Posted on Mar 23 • Originally published at datanest-stores.pages.dev

Database Monitoring Setup

#database #sql #postgres #performance

Database Monitoring Setup

Production-ready monitoring configurations for PostgreSQL, MySQL, and MongoDB — complete with Grafana dashboard JSON, Prometheus exporter configs, and alert rules that actually tell you why something is wrong, not just that it is.

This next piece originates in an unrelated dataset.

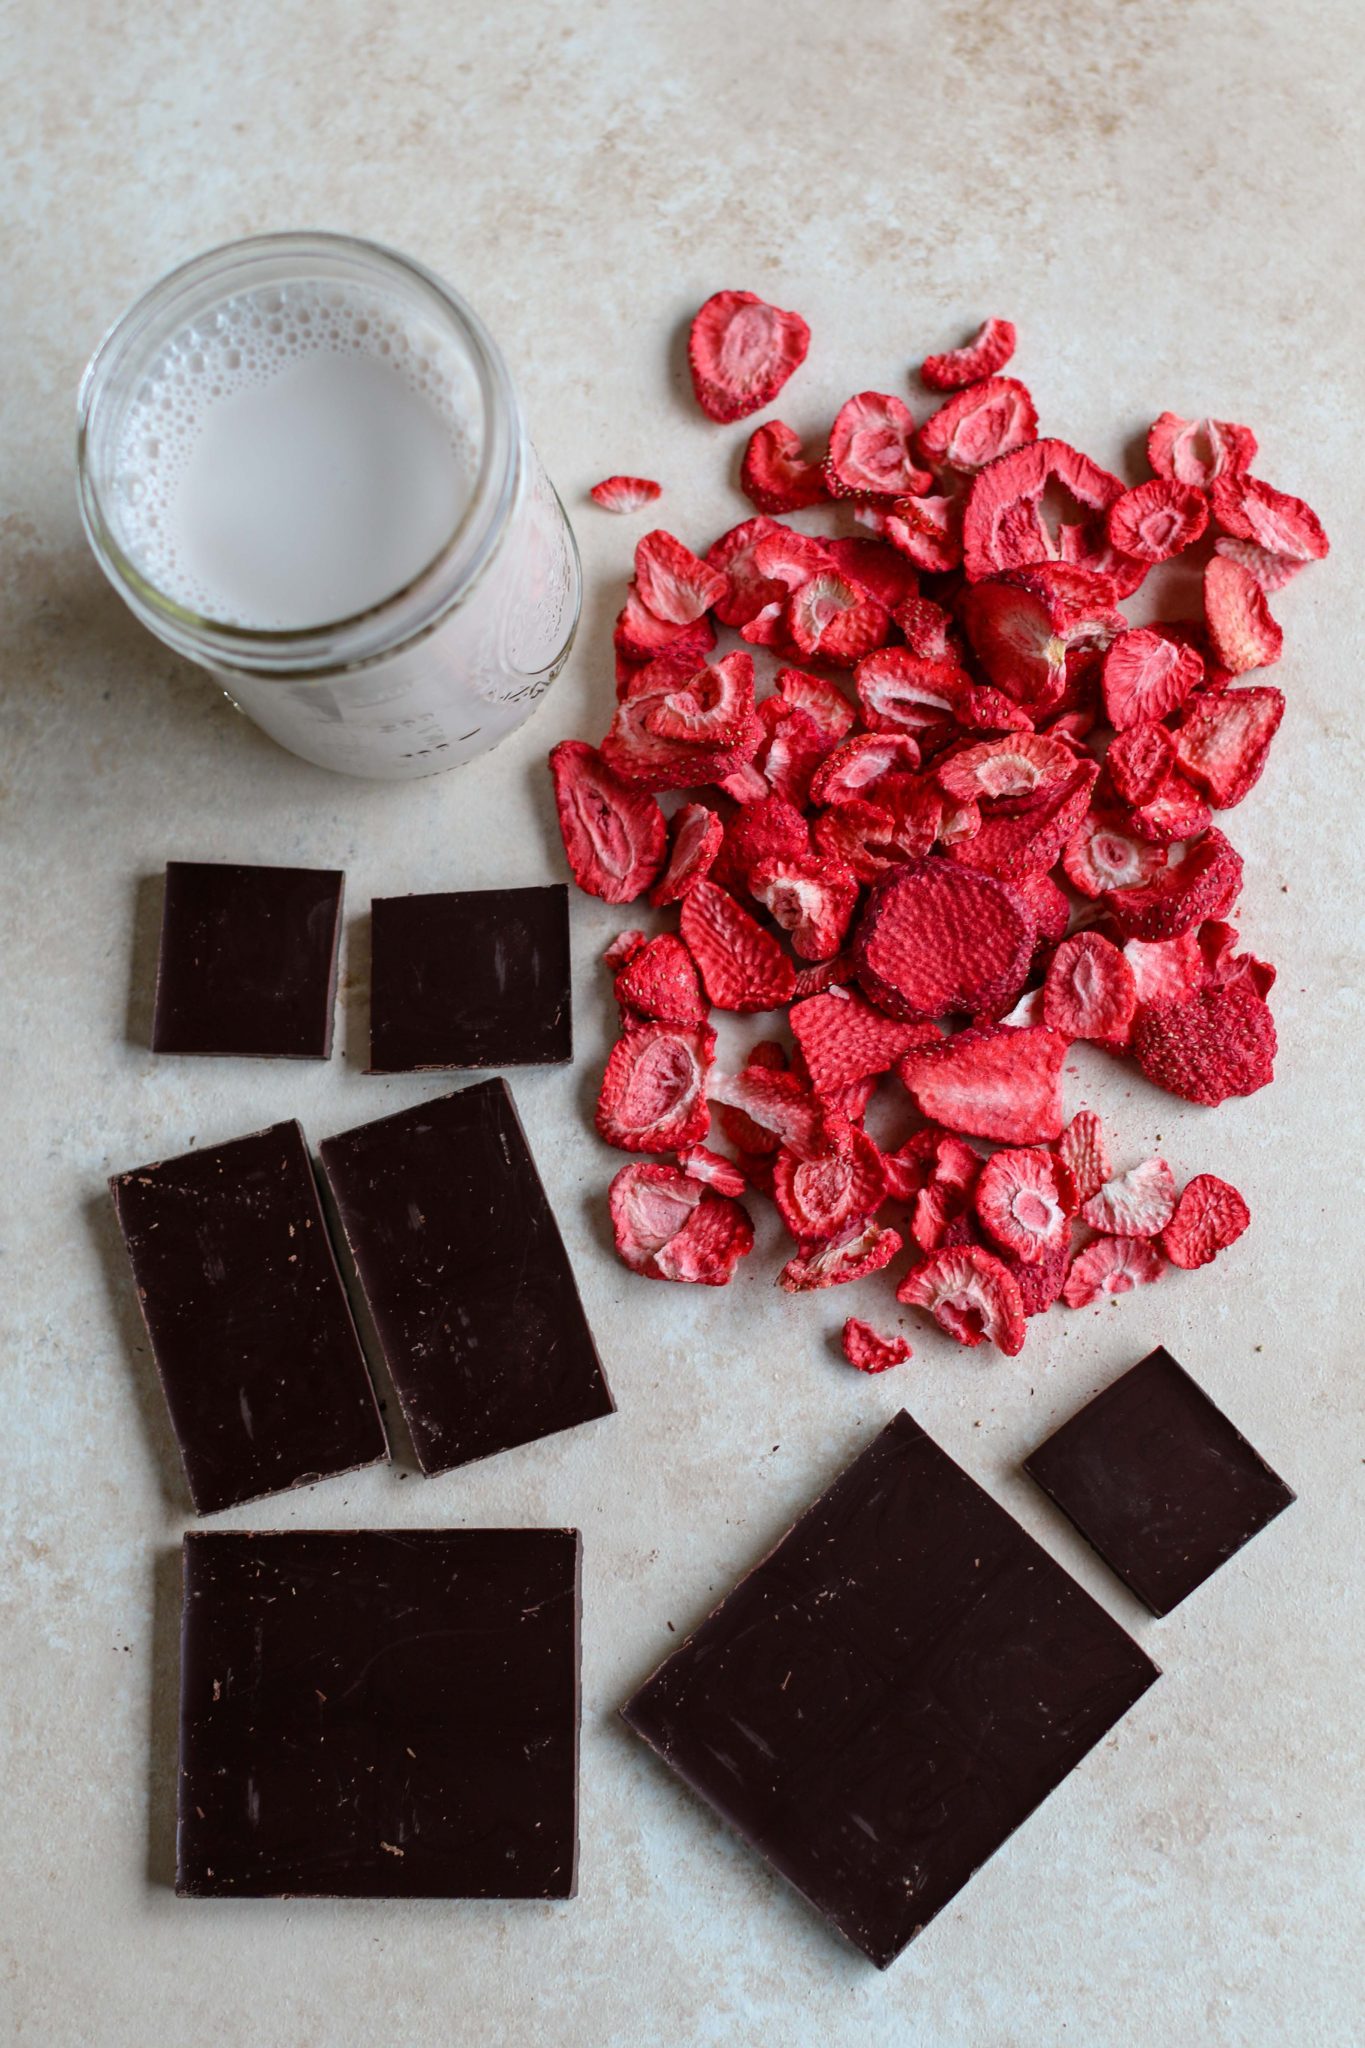 3-Ingredient Chocolate Strawberry Truffle Ingredients
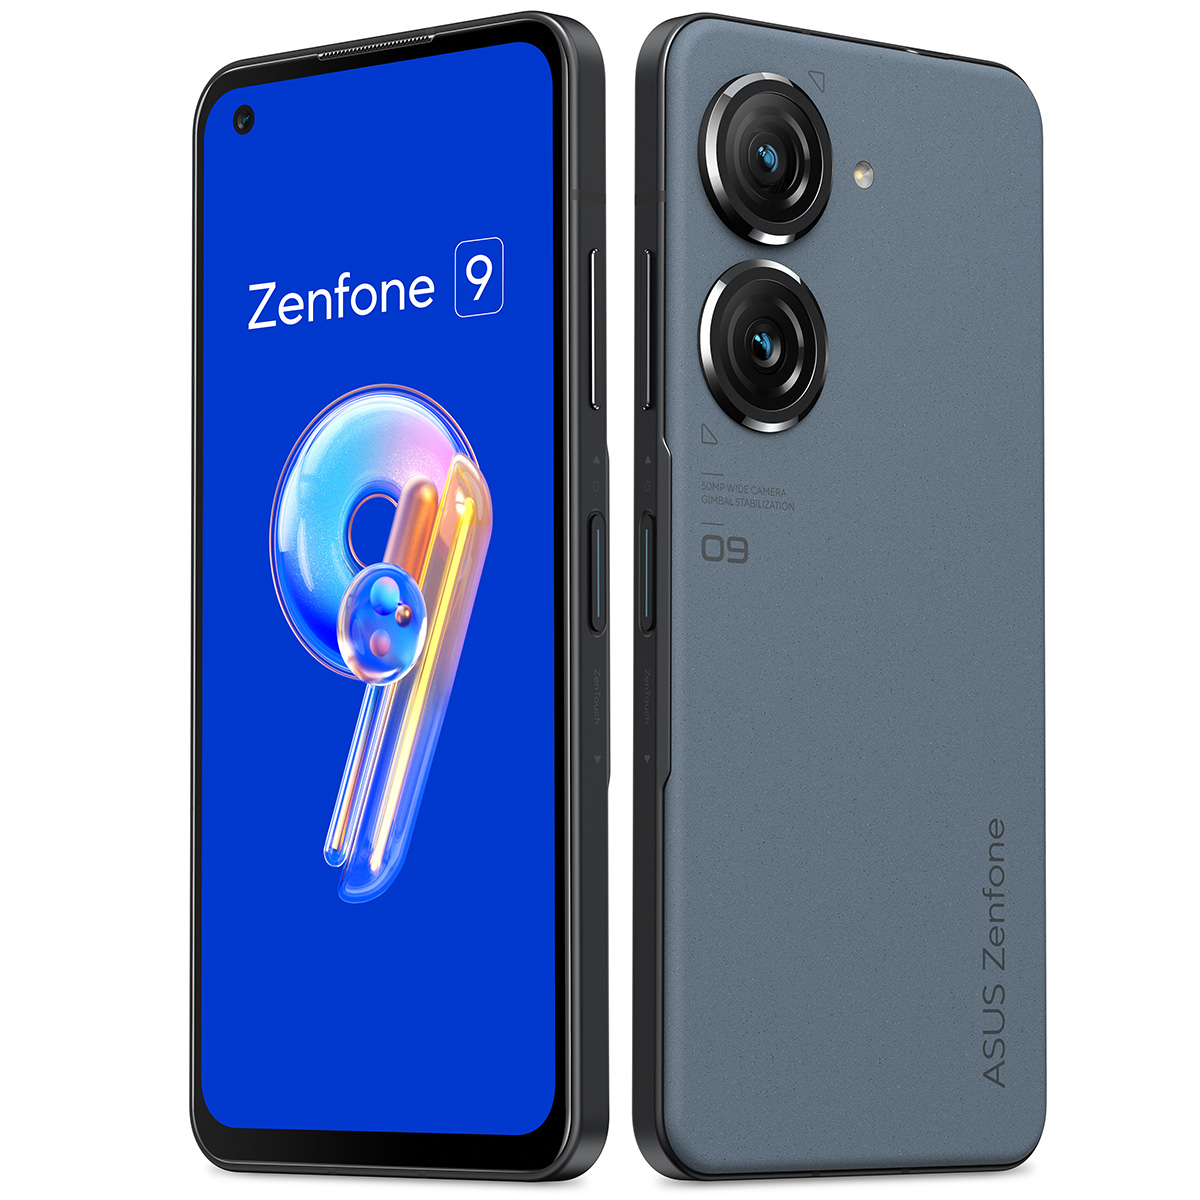 Zenfone9 SIMフリー・純正ケース・付属品付き

Deploy in under 30 minutes and stop getting woken up by false alarms.

Key Features

PostgreSQL monitoring via pg_stat_statements, pg_stat_user_tables, and custom diagnostic queries with pre-built Grafana panels
MySQL Performance Schema dashboards tracking query latency histograms, InnoDB buffer pool hit rates, and replication lag
MongoDB Atlas-compatible metrics collection plus self-hosted mongod monitoring via mongostat and mongotop wrappers
18 Grafana dashboard panels organized into overview, query performance, replication health, and storage dashboards
Alert rules with runbooks — every alert includes a severity, description, and step-by-step resolution procedure
Prometheus exporters pre-configured: postgres_exporter, mysqld_exporter, and mongodb_exporter with secure credential handling
Baseline capture scripts to establish normal operating ranges before setting thresholds
Slack and PagerDuty notification templates for critical, warning, and informational alerts

Quick Start

unzip database-monitoring-setup.zip
cd database-monitoring-setup/

# 1. Configure your database connection
cp config.example.yaml config.yaml
# Edit config.yaml with your database host, port, credentials

# 2. Deploy the PostgreSQL exporter
docker run -d --name pg_exporter \
  -p 9187:9187 \
  -e DATA_SOURCE_NAME="postgresql://monitor:YOUR_PASSWORD_HERE@db-host:5432/postgres?sslmode=require" \
  prometheuscommunity/postgres-exporter

# 3. Import the Grafana dashboard
# In Grafana UI: Dashboards > Import > Upload JSON
# Use: dashboards/main.json

# 4. Load alert rules into Prometheus
cp alerts/rules.yml /etc/prometheus/rules.d/
systemctl reload prometheus

Verify the exporter is scraping:

curl -s http://localhost:9187/metrics | grep pg_stat_user_tables_n_tup_ins
# pg_stat_user_tables_n_tup_ins{datname="myapp",relname="orders"} 284710

Architecture / How It Works

database-monitoring-setup/
├── configs/
│   ├── development.yaml          # Dev environment settings
│   ├── production.yaml           # Production tuned settings
│   ├── exporters/
│   │   ├── postgres_exporter.yml # Custom query definitions
│   │   ├── mysqld_exporter.cnf   # MySQL exporter config
│   │   └── mongodb_exporter.env  # MongoDB exporter environment
│   └── collectors/
│       ├── pg_diagnostic.sql     # Queries for pg_stat_*
│       ├── mysql_perf_schema.sql # Performance Schema queries
│       └── mongo_serverStatus.js # mongosh diagnostic script
├── dashboards/
│   └── main.json                 # Grafana dashboard panels
├── alerts/
│   ├── rules.yml                 # Prometheus alert rules
│   └── notification_templates/
│       ├── slack.tmpl
│       └── pagerduty.tmpl
└── config.example.yaml

Data flows: Database -> Exporter -> Prometheus -> Grafana dashboards + Alert Manager -> Slack/PagerDuty.

Usage Examples

PostgreSQL: custom exporter query for cache hit ratio:

# postgres_exporter custom queries
pg_cache_hit_ratio:
  query: |
    SELECT
      datname,
      ROUND(
        blks_hit::numeric / NULLIF(blks_hit + blks_read, 0) * 100, 2
      ) AS cache_hit_ratio
    FROM pg_stat_database
    WHERE datname NOT IN ('template0', 'template1')
  metrics:
    - datname:
        usage: "LABEL"
    - cache_hit_ratio:
        usage: "GAUGE"
        description: "Buffer cache hit ratio percentage"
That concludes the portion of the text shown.